How to solve infinite possible coin problem? I would need some help with this question:
You toss n coins, each showing heads with probability p, independently
of the other tosses. Each coin that shows tails is tossed again. Let X be the
total number of heads. What is the probability distribution?
The way I tried to solve it is by assuming I am interested in getting 2 heads. In my opinion that would express itself then to:
\begin{equation}
P(X=2) = \binom{\infty}{2} p^2 (1-p)^{\infty - 2}
\end{equation}
The reason I chose infinity as the number of trials is because there is a chance I will never get two heads. But this seems not to be the way to solve this. Any help is much appreciated!
 A: This question is old but unanswered, so this is for those who may be looking for an answer.
The way the event is defined in the question may lead to wrong interpretations. 
• Your interpretation of the event is : You toss the n coins infinitely many times until all coins show heads. 
• The actual event is : You toss the n coins.

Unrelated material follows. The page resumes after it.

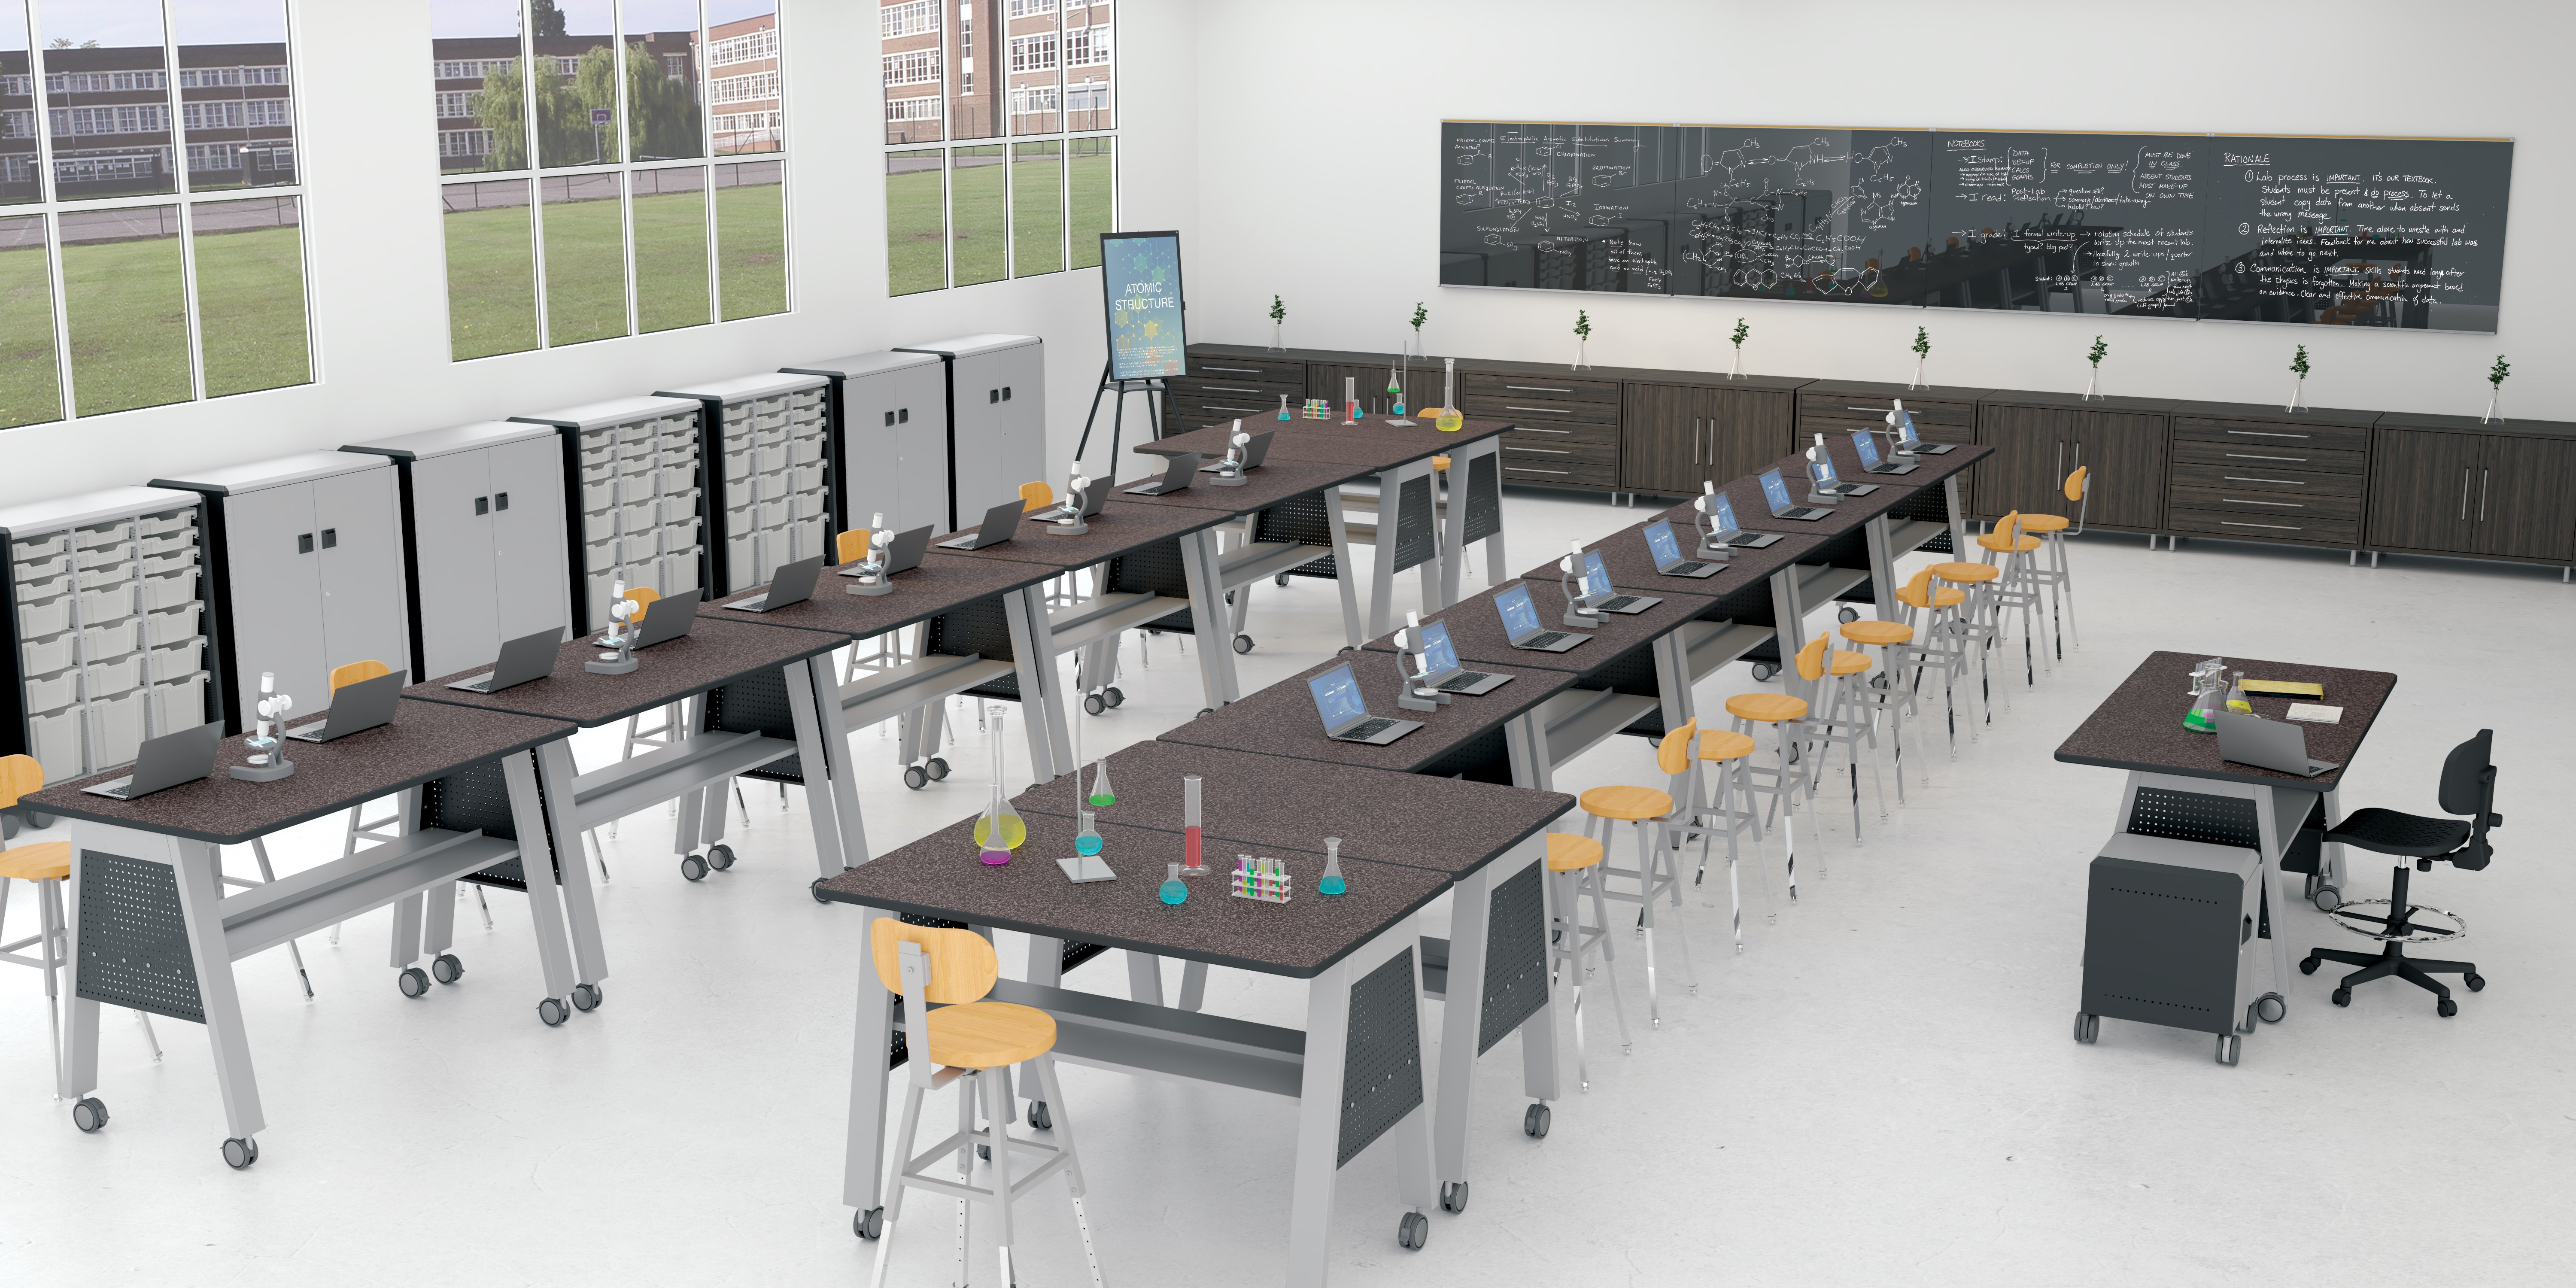 How to Incorporate CTE and Experiential Learning into Educational and Professional Workspaces

The coins that show tail are thrown again. Then, the heads are counted. It is not suggested that you repeat the process infinitely many times, you just do this once.

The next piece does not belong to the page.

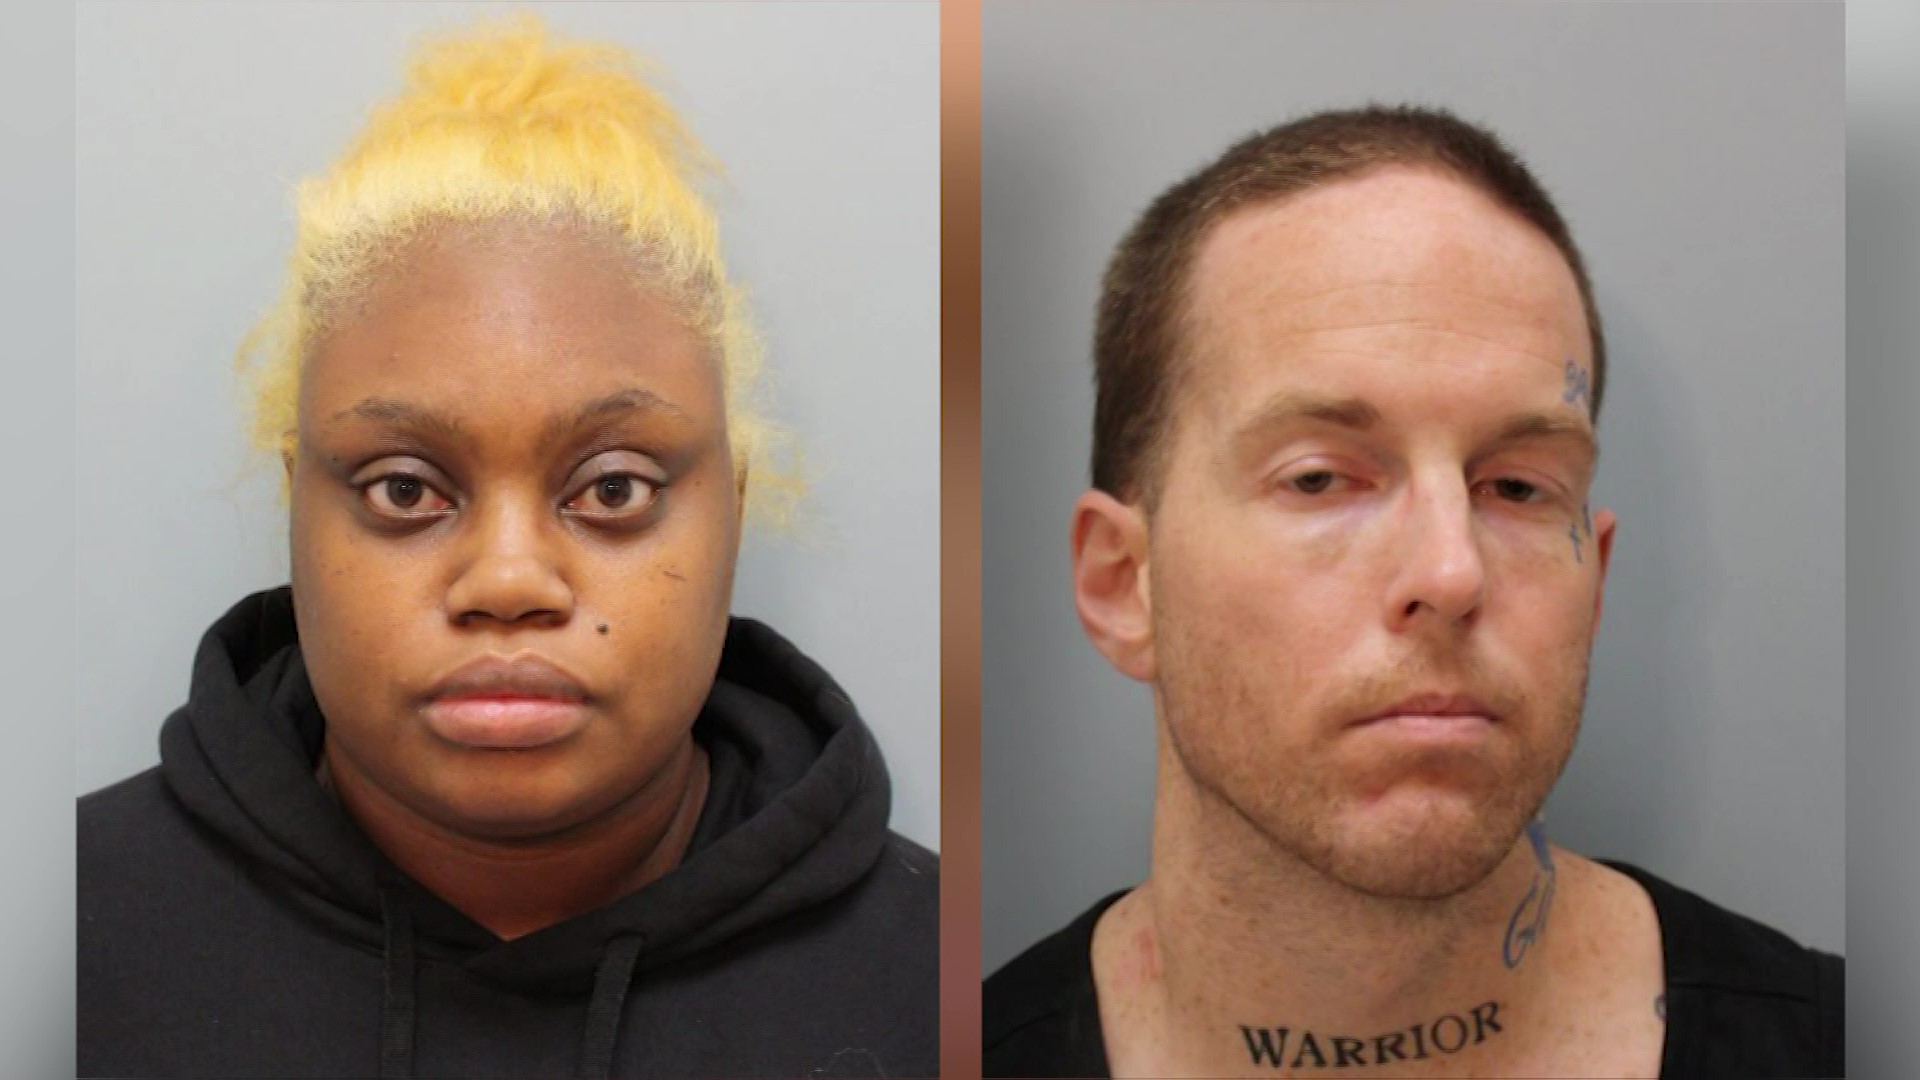 Mom and boyfriend charged after 3 children found abandoned in apartment with another childs remains pic

This results in three possible events given by Ω={TT,TH,H}, as shown in this event tree diagram. The subset of successful events is S={TH,H} as the success event is defined by head. The probability of success therefore is P(S)=p+(1-p)p.
The probability of failure is 1-P(S). Clearly, the number of final heads follows the Binomial distribution Bin(n,p+(1-p)p).
A: Assume each coin is tossed twice and counts as a success if and only if it turns up heads on at least one of the tosses. So $p=\frac{3}{4}$, and the distribution is binomial, with mean $np=\frac{3}{4}n$ and variance $np(1-p)=\frac{3}{16}n$.